Razzle Dazzle invites artists to explore pattern in all its contradictions—as pure surface design or containing deeper symbolism, as strategy or accessory, as structure or shimmer. Patterns can protect and reveal, soothe and unsettle, clarify and confuse. Pattern may emerge from the smallest gesture or mark which then gathers meaning through repetition, a gentle rhythm that steadies, or builds until it becomes vibration, distortion, blur.

Inspired in part by the disorienting, fractured geometries of dazzle camouflage and the playful persistence of the polka dot in its endless variations, this call reflects on how scale and proximity transform what we see. A single form becomes a field, simplicity folds into complexity, perception wavers between order and overwhelm.

Investigate pattern as lexicon, meditation, or mask. What comfort and meaning may be discovered within multiplicity and visual cadence?

Consider:

  • Pattern emerging from repetition of minimalist forms; rhythm; echo

  • Maximalist, all-over approach to pattern; atmospheric pattern; noise

  • Decorative patterns; natural, conceptual, cultural, or emotional patterns

  • Spiritual or cosmic patterns

  • Pattern as code or shorthand; diagrammatic strategies

  • The hypnotic potential of pattern, how it can distract or define

  • Combining multiple patterns; mining from previous Cut Me Up issues and elsewhere

– Craig Auge, Artist & Curator

All eligible submissions must:

  • Respond to and incorporate some portion of Cut Me Up Issue 16: Ritual & Collage.

  • Orientation: Artwork must be vertical (portrait).

  • Final image size: Files should be 10.25" high x 8.25" wide. (The final printed area/trim size is 10" x 8".)

  • Resolution: 600 dpi.

  • Flatbed scan: (preferred): Scan to .TIF format.
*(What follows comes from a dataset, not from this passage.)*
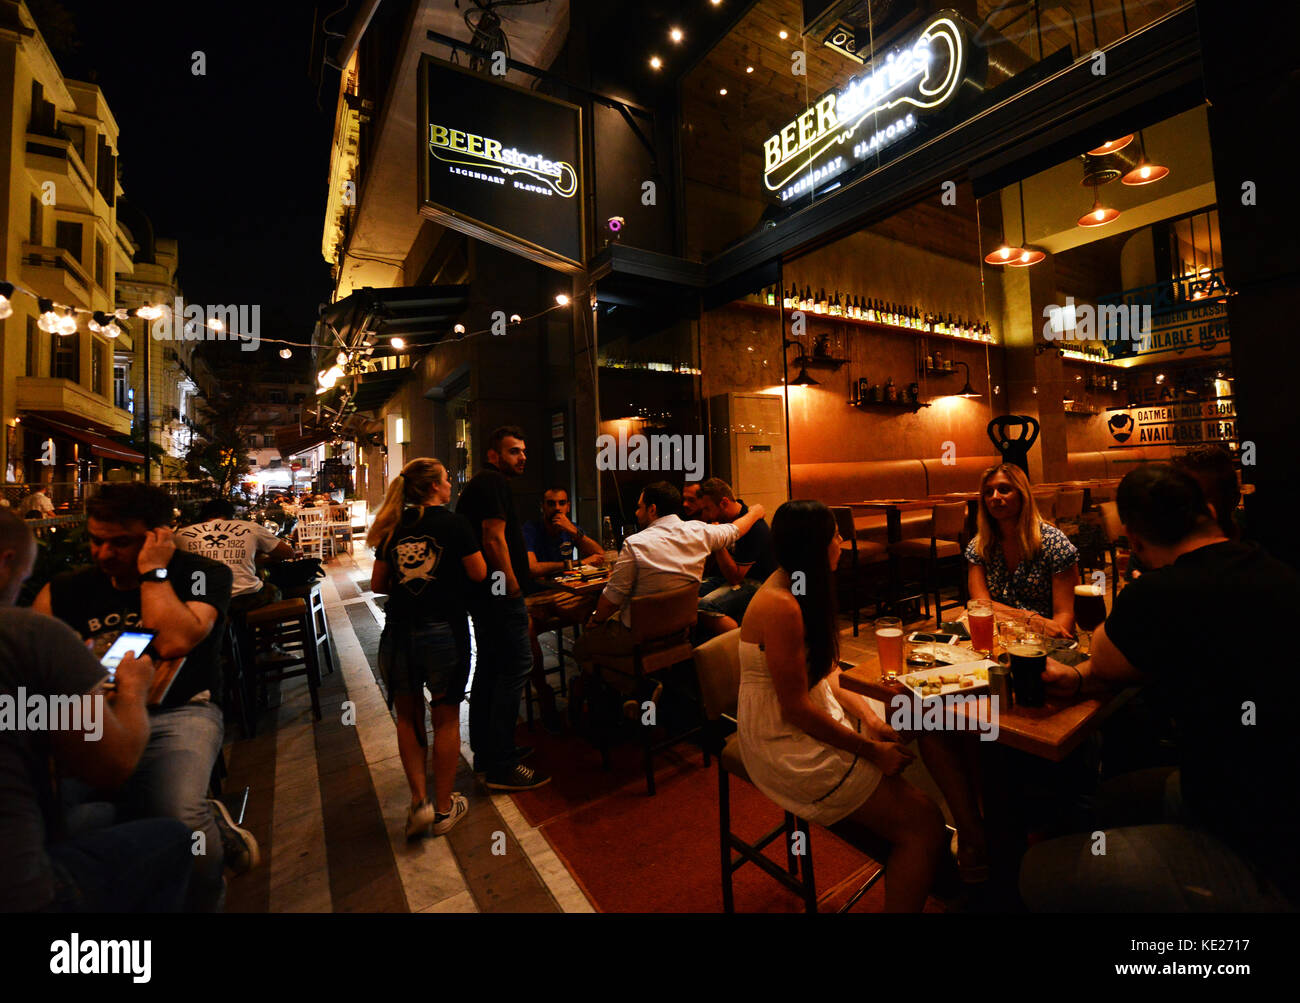 The Beer stories bar in Thessaloniki, Greece. Stock Photo

  • Photograph: Use a digital SLR camera at the highest resolution and largest image size settings (600 dpi preferred; 300 dpi minimum).

  • Be limited to a maximum of three (3) submissions per artist

Submissions are free. Optional contributions to support the continuation of Cut Me Up can be made after submission.

Send submissions via the form linked here: submissionform

Issue 17 Curator Craig Deepen Auge

Craig Auge is a multidisciplinary artist and curator whose art toggles abstract collage and ephemeral salvage assemblage. Works are improvisational, intuitive, and responsive, emphasizing process over product, regenerating materials and entire artworks. He has exhibited throughout the U.S. and been featured in many publications including Cut Me Up, The Hand Magazine, and New American Paintings.

Auge has independently curated and organized artists since the late 1990s. He has worked professionally supporting artists with disabilities, developing exhibition programming at public libraries, co-directing artist-run nonprofits, and operating a roaming and online curatorial project called Lodger. He is based in Kansas City, Missouri.